Just go to the following site and click on the 'This One Gets My Vote' link: 
http://www.careerbuilder.com/disneydreamjobs/dream-job-applicant.asp?jtid=1&ytid=IQqeOg67-9I

If you have any trouble with the link just look for the video marked 'GreenCapt'.

And please forward this to anyone you know who might take a few seconds to do the same. Thanks in advance!

The Long-

This contest is sponsored by Disney and Careerbuilder.Com and is part of Disney's 2007 promotion 'Year of a Million Dreams'. The contest works thusly- within the past couple of months contestants had to submit a 45 second or less video explaining why they should be considered for one of five Disney 'dream jobs'. The honorary jobs included Haunted Mansion butler or maid, Jungle Cruise skipper, Pirate, Parade Performer and Princess-In-Waiting. The videos had to follow certain guidelines of course and were judged by Disney and CareerBuilder. Twenty finalists were selected for each category and of the twenty the TOP FIVE vote-getters will win trips for four people for four days to Disneyland. The winners also spend a day 'working' at Disney as the part they auditioned for.

So this means I have a 1 in 4 chance of winning the trip. Pretty sweet odds as I see it!

I submitted two videos in the initial round of competition- one for the Haunted Mansion job and one for Pirate. The Haunted Mansion one didn't place but a combination of ferrets and braces put the Pirate video into the finalist round! I probably should have entered the Princess-in-Waiting category too but I just couldn't find enough pixie dust.  Just kidding.

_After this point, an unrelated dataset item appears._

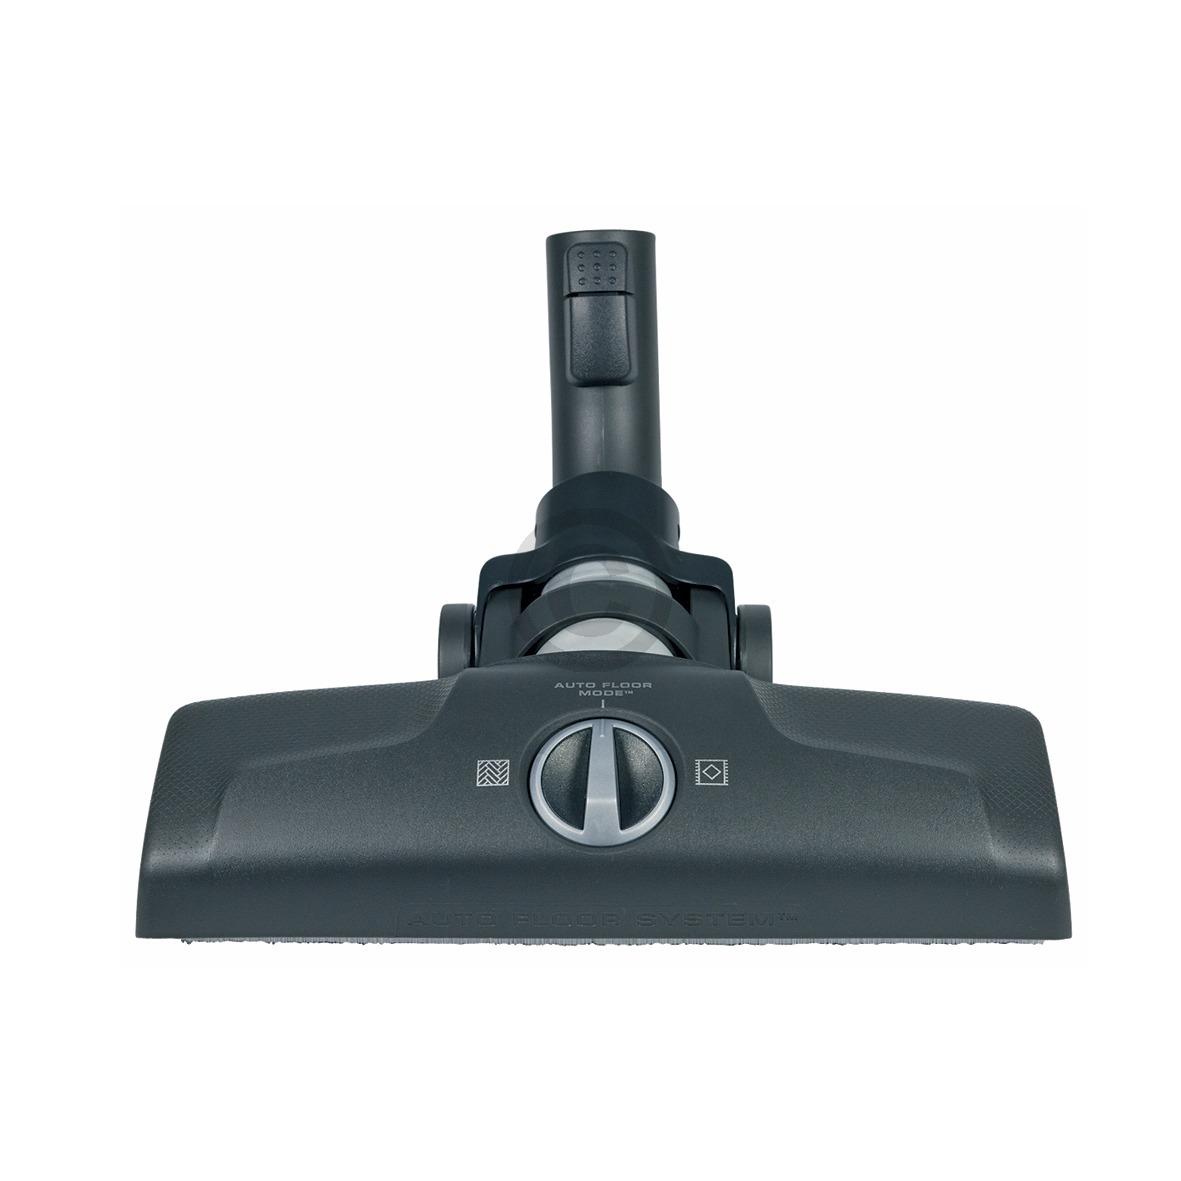 Bodendüse Bodenbürste für 32mmØ AEG Vario4000 900166738/6 Original Universal!

I hope you enjoy my short video and really do hope you'll give me a vote. Many of the finalists in the other categories are a lot of fun too, so after you vote for me you might want to check some of those out as well.

If you have any questions please feel free to message me! I'll probably post a reminder close to the end of the voting period.

Thanks again! Arrrrr........!!!!


----------



## Wyatt Furr

Arrrr...
hahahahaha
You made me laugh!
You got my vote GC!
Good Luck


----------



## GreenCapt

Thanks Wyatt! I appreciate it!


----------



## slightlymad

Got mine see ya on the other side.


----------



## Ghostess

Ya got mine, my fellow Floridian!


----------



## Hauntiholik

I loved the video! You have my vote too.


----------



## GreenCapt

Thanks everybody!

Still having your party this year Ghostess?


----------



## slimy

I voted for the ferret/parrot. Too funny.


----------



## GreenCapt

slimy said:


> I voted for the ferret/parrot. Too funny.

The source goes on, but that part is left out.